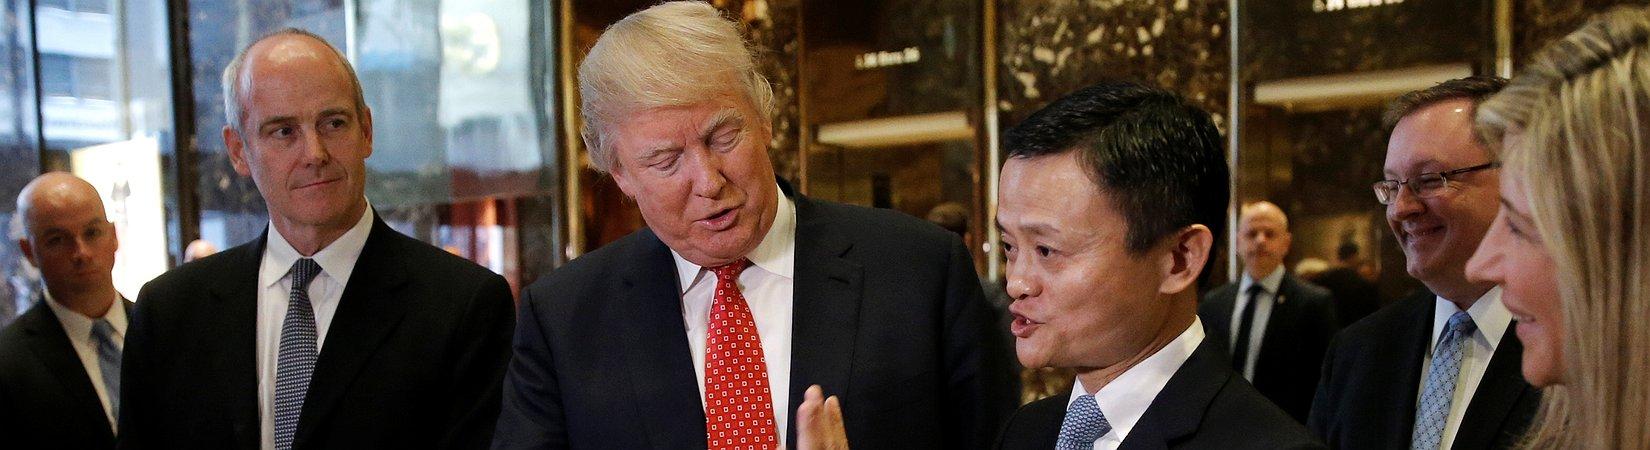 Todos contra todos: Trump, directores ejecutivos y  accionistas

==

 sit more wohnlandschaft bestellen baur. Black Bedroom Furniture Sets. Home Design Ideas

---

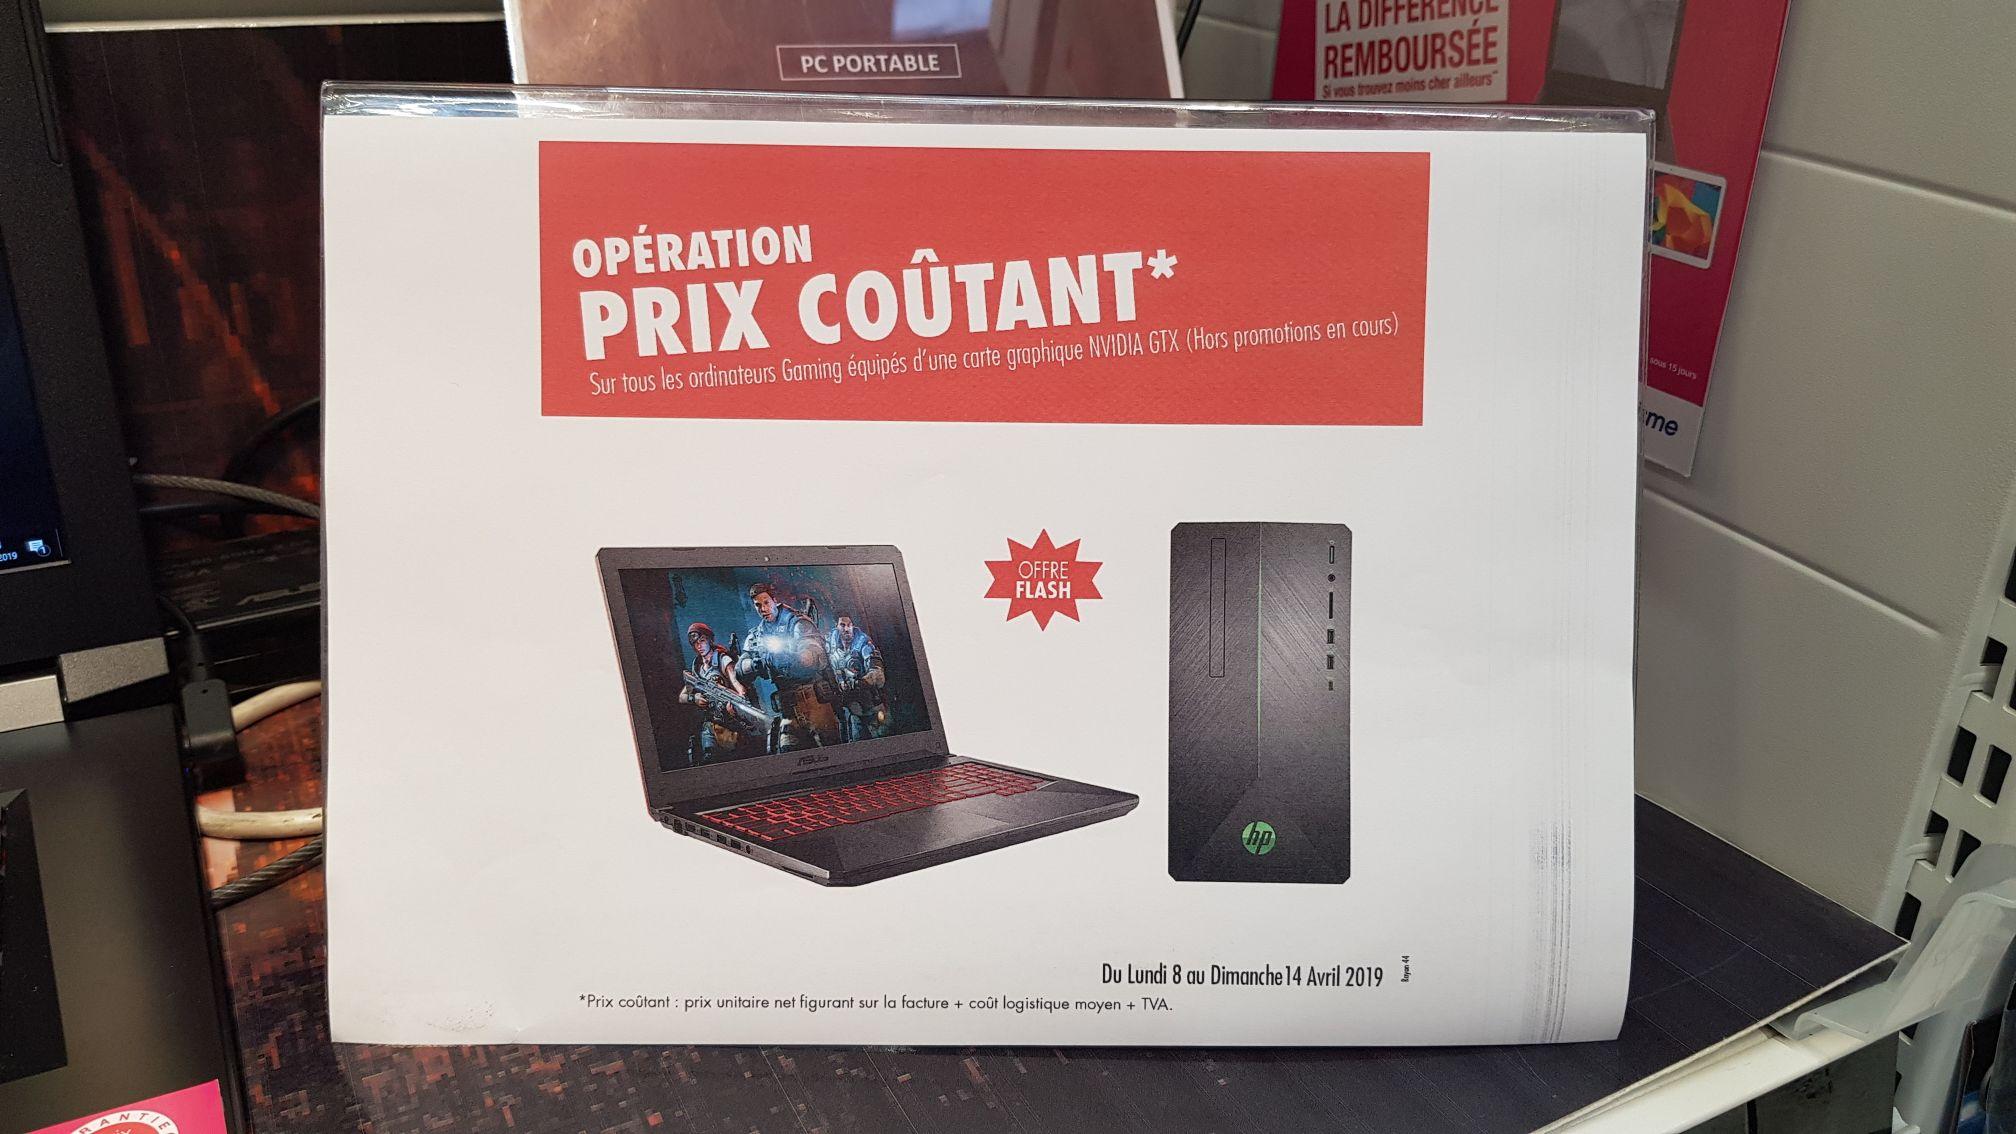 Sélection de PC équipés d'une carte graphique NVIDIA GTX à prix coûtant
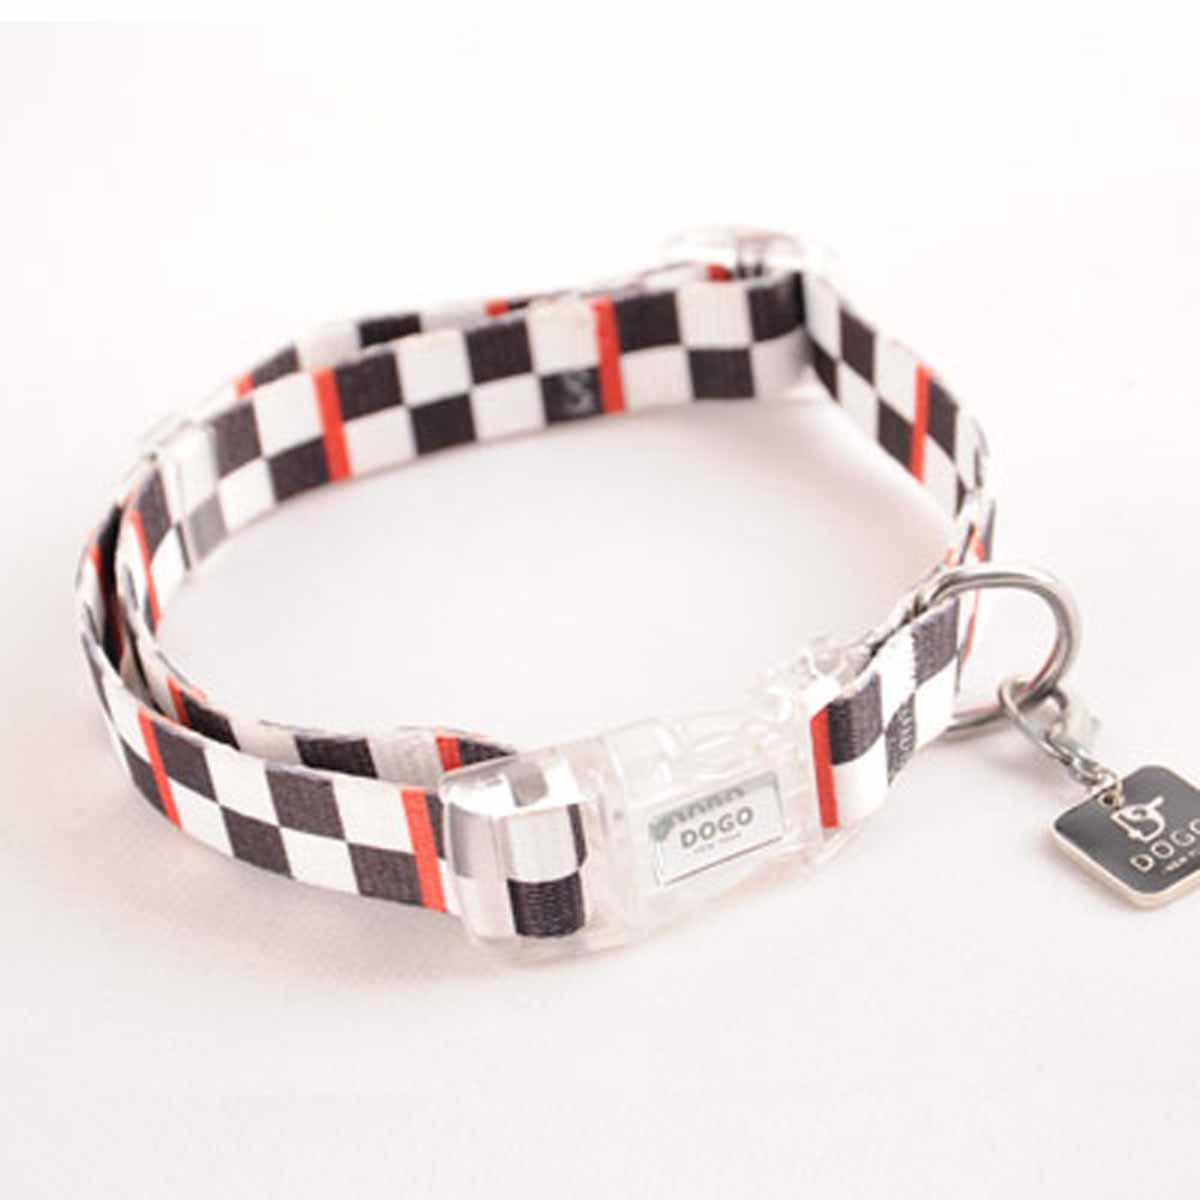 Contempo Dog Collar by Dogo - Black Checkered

• [TASK TO COMPLETE]: Every line above between the one containing "Sélection de PC" and the one containing "Contempo Dog Collar", those two included, is to be printed exactly. No pictures go into the copy.

• [RESPONSE FOR THIS EXERCISE]:
 Sélection de PC équipés d'une carte graphique NVIDIA GTX à prix coûtant
 Contempo Dog Collar by Dogo - Black Checkered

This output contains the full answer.